> [Available data]:
Start of Block

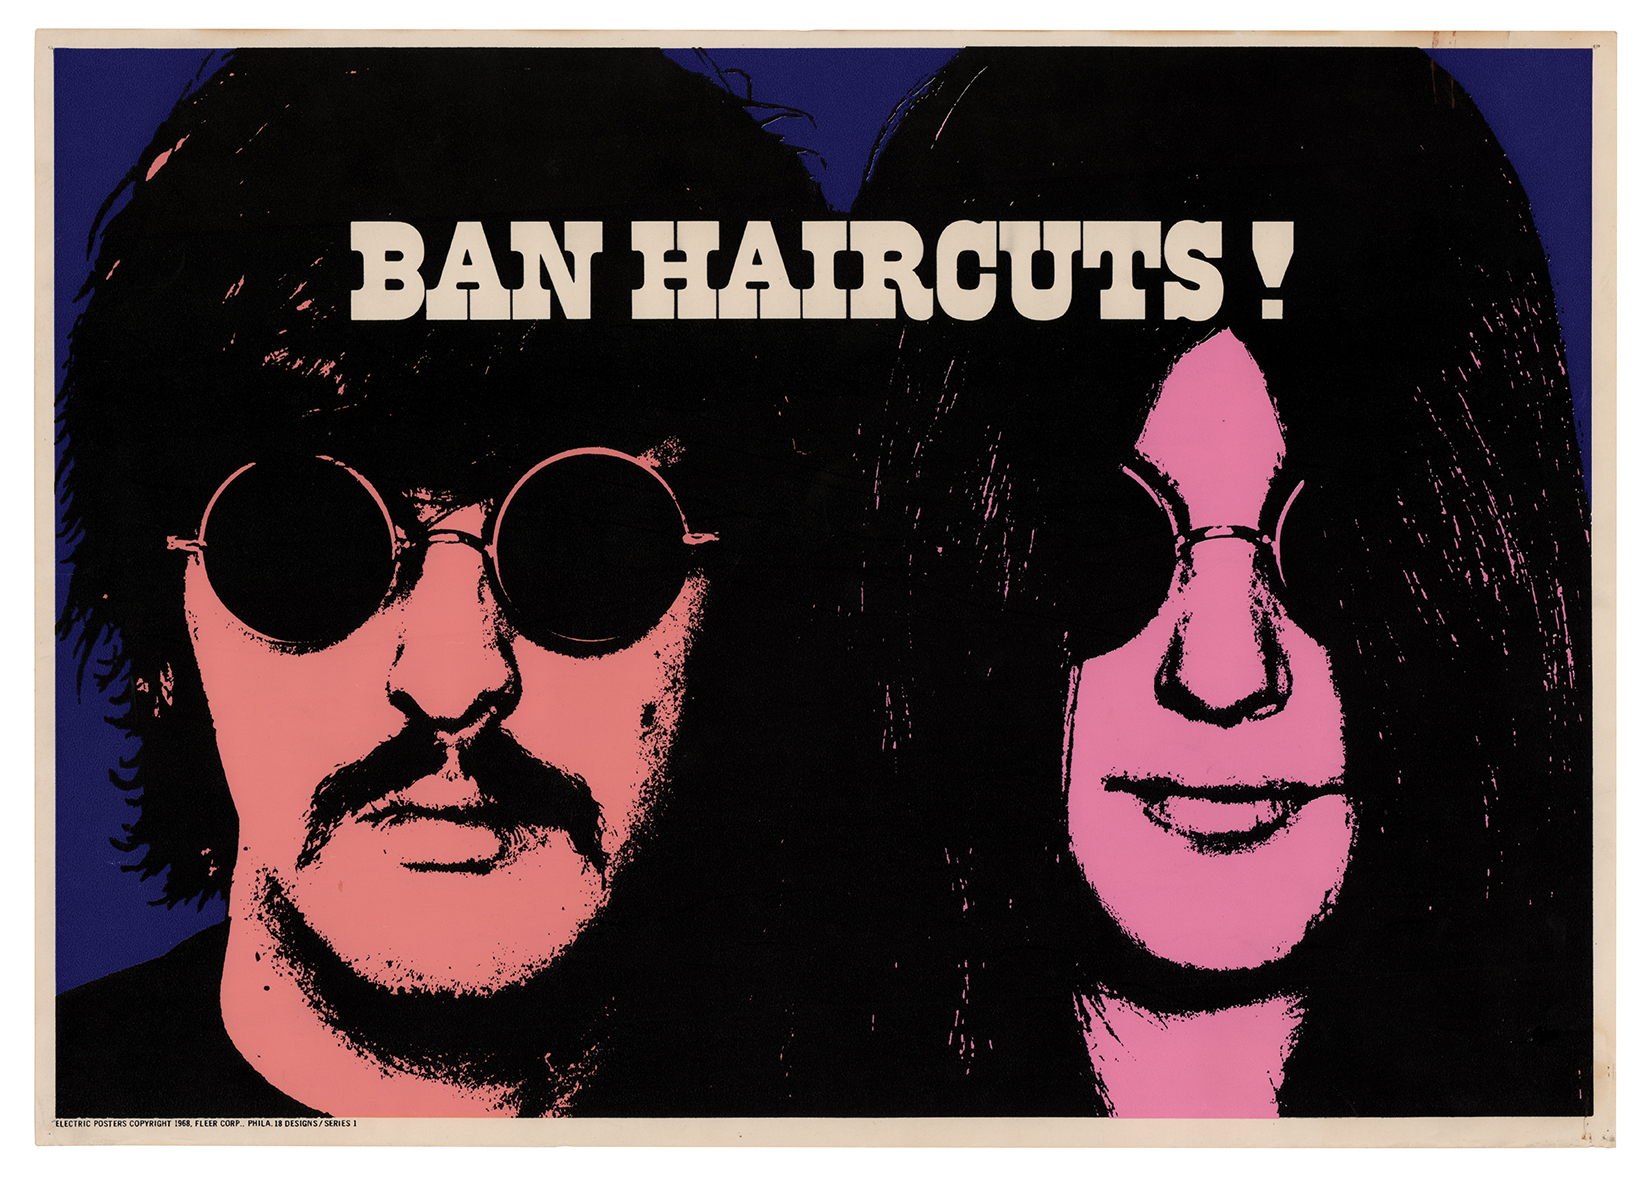 Lot #9291 Fleer 1968 'Ban Haircuts' Electric Blacklight Poster - Image 1
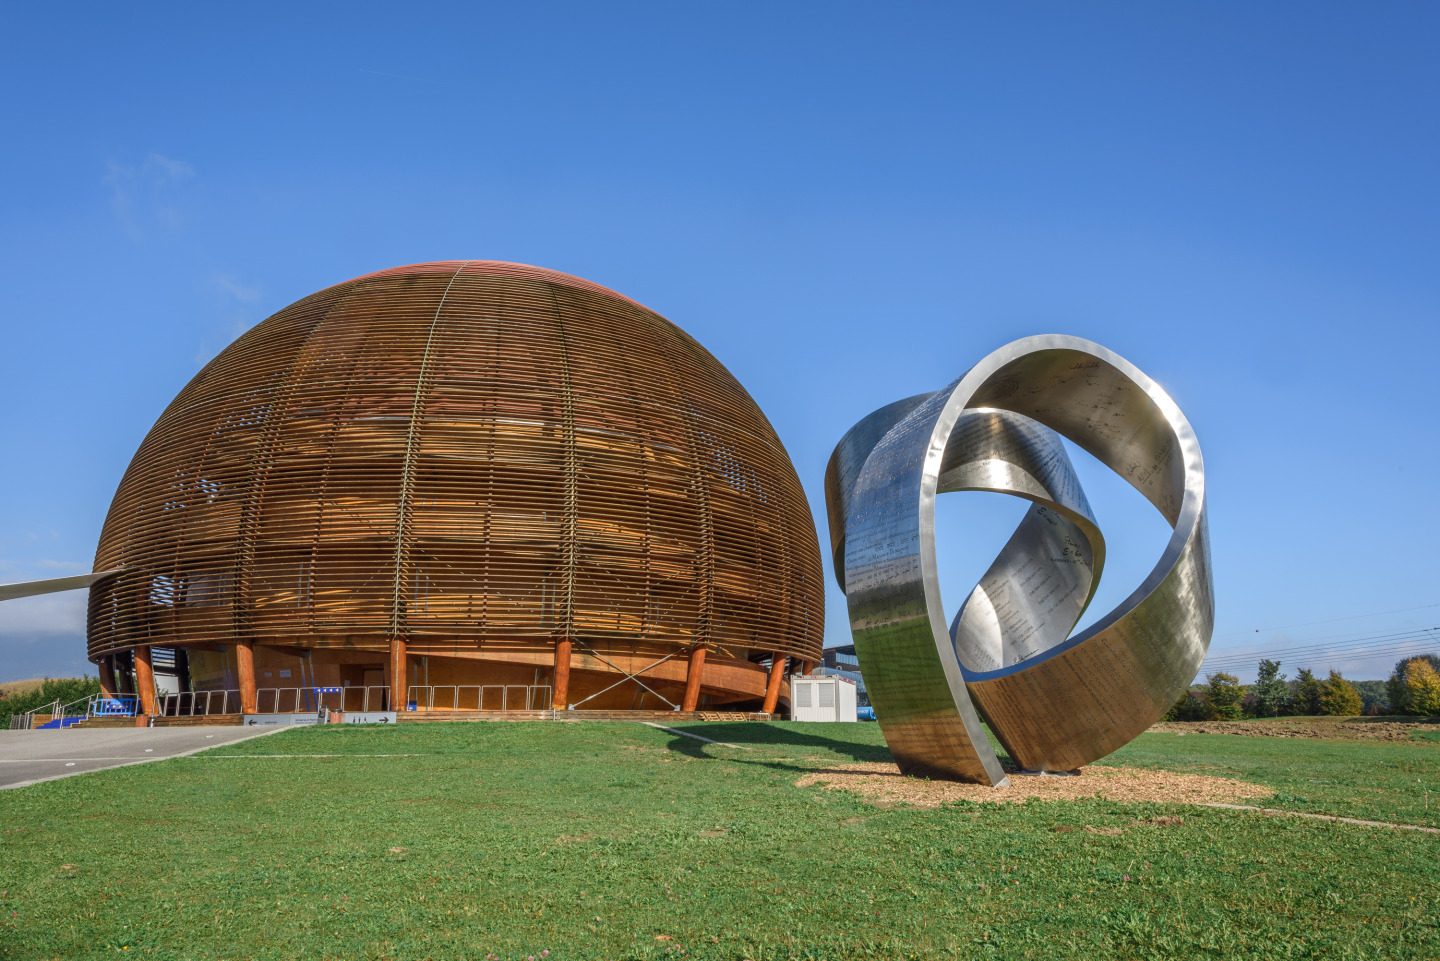 CERN inaugurates steel sculpture 
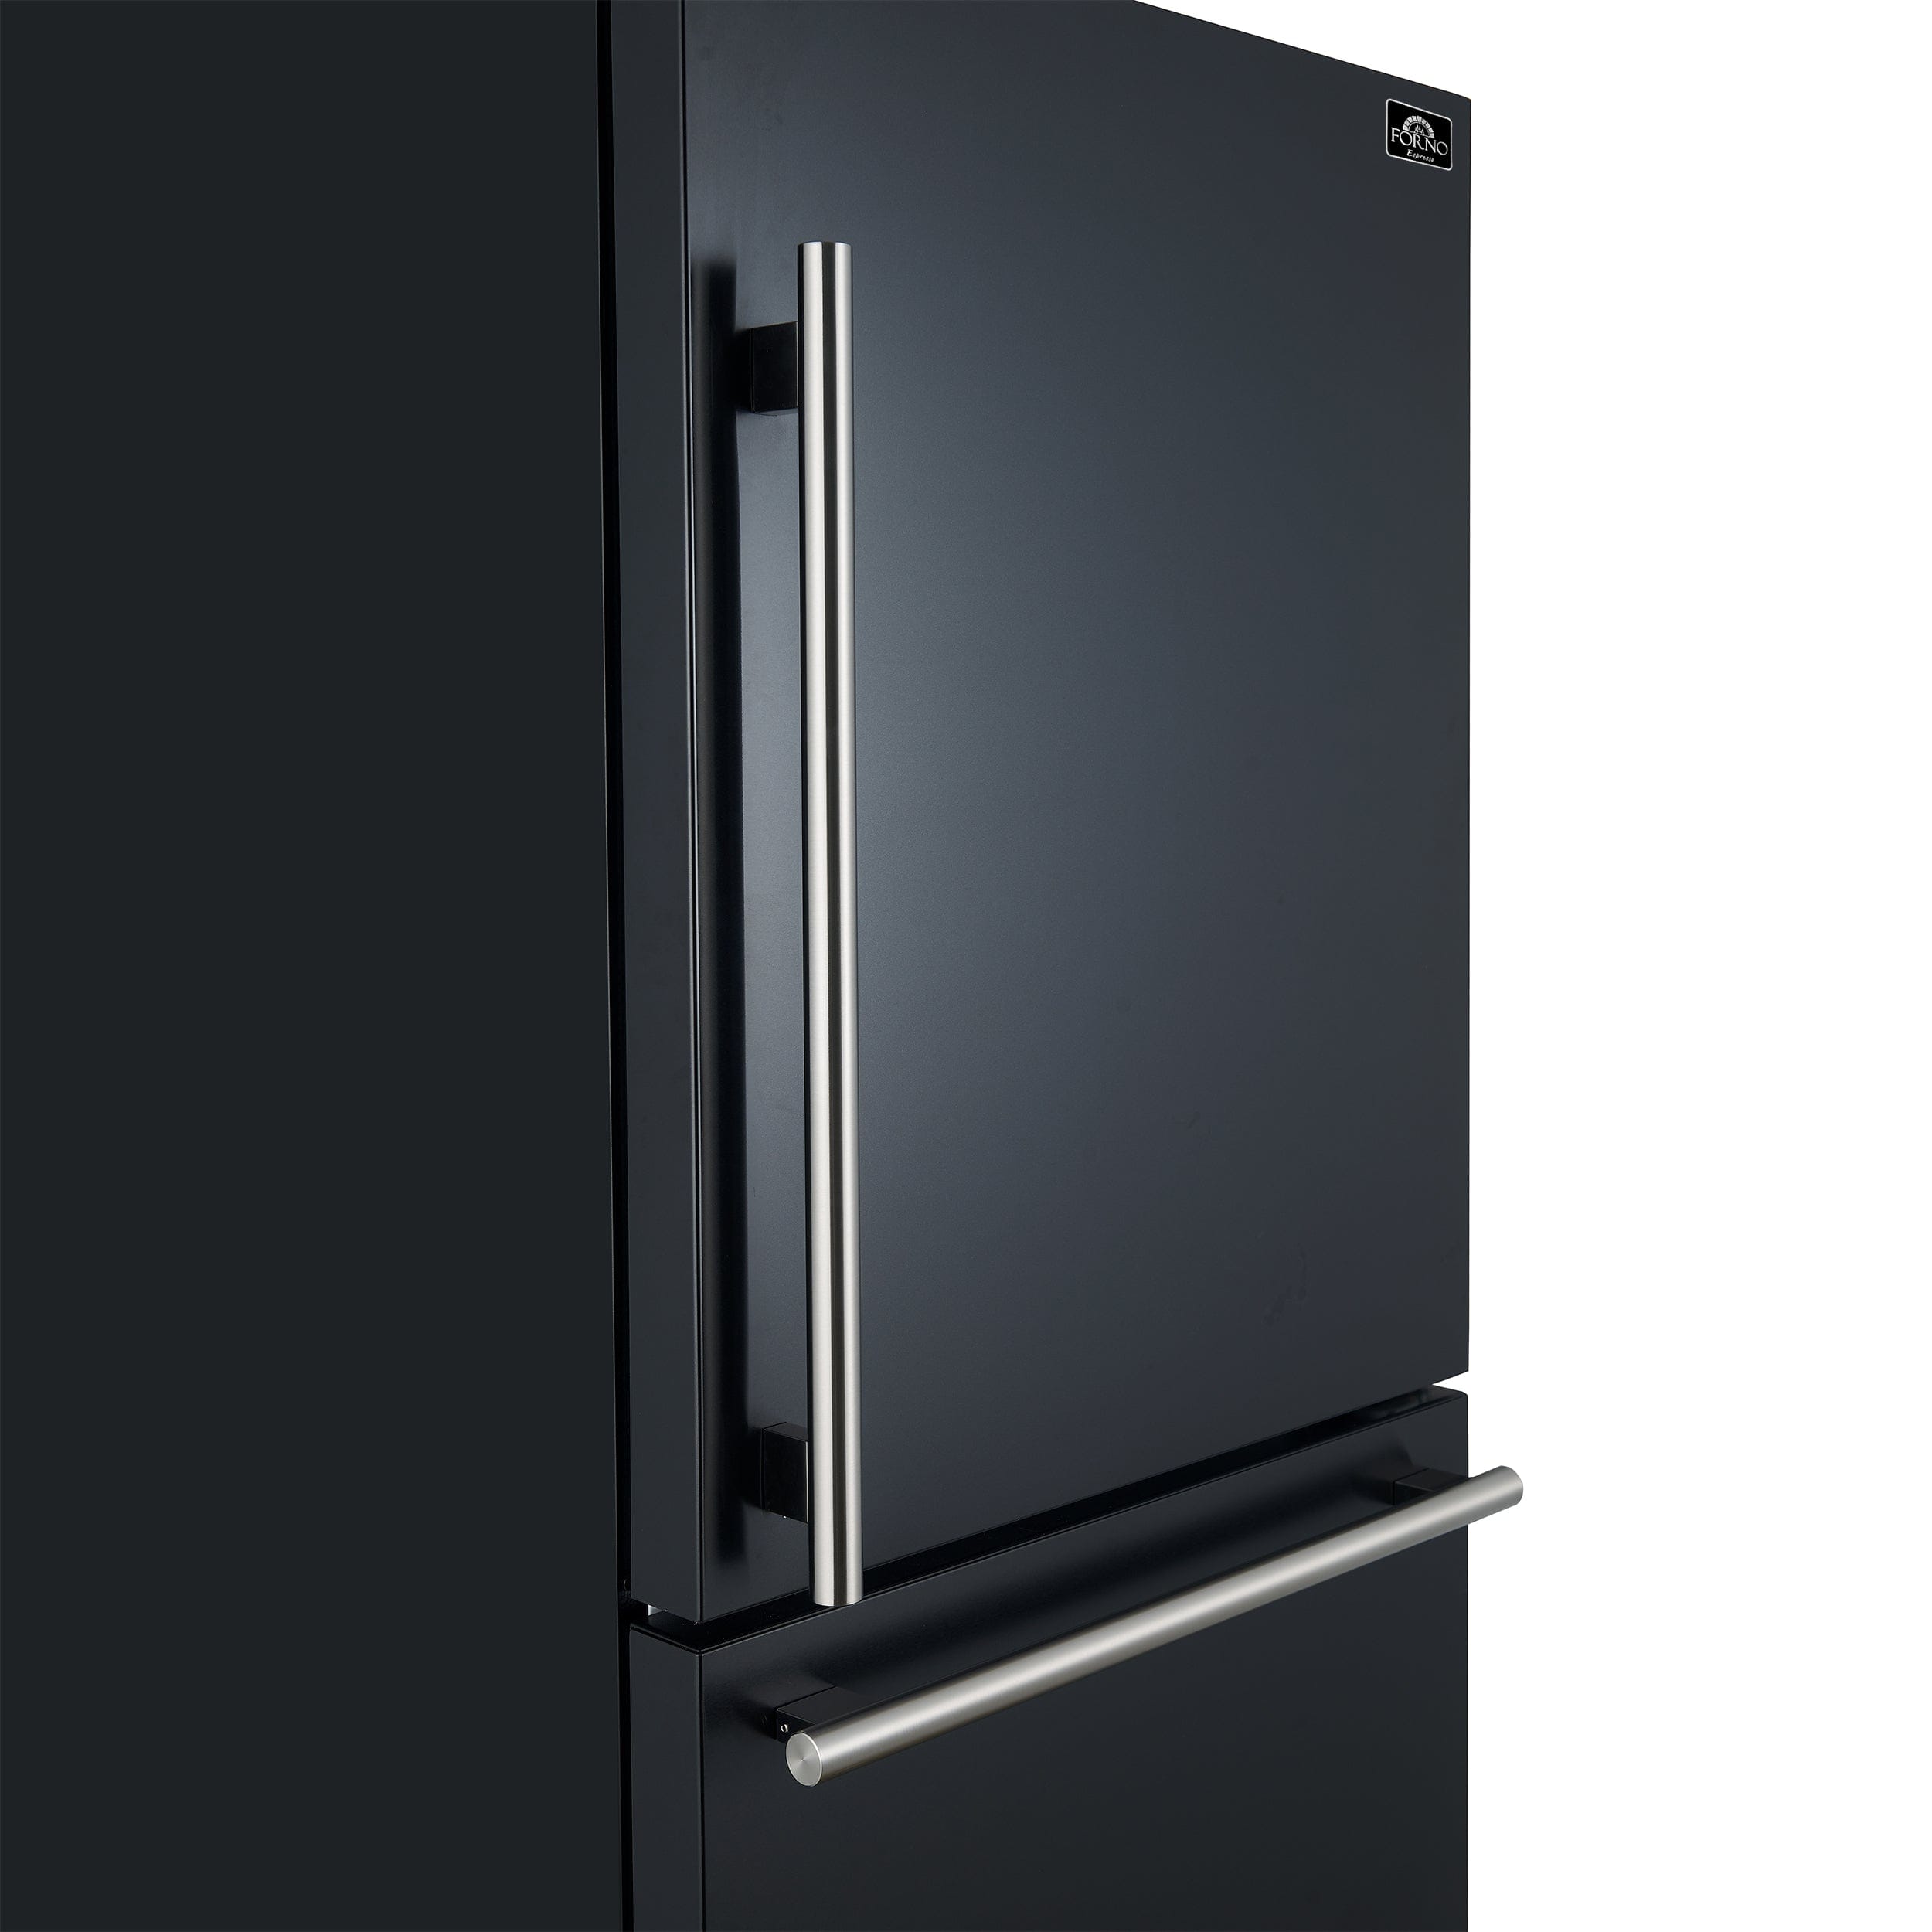 Forno Milano Espresso 31-Inch 17.2 cu. ft. Bottom Freezer Right Swing Door Refrigerator in Black with Brass Handle (FFFFD1785-31BLK) Wine Coolers Empire

End of Block

> [Problem]:
Text only, please: give the listing again word for word with no images.

> [Reply to the exercise]:
 Lot #9291 Fleer 1968 'Ban Haircuts' Electric Blacklight Poster - Image 1
 CERN inaugurates steel sculpture 
 Forno Milano Espresso 31-Inch 17.2 cu. ft. Bottom Freezer Right Swing Door Refrigerator in Black with Brass Handle (FFFFD1785-31BLK) Wine Coolers Empire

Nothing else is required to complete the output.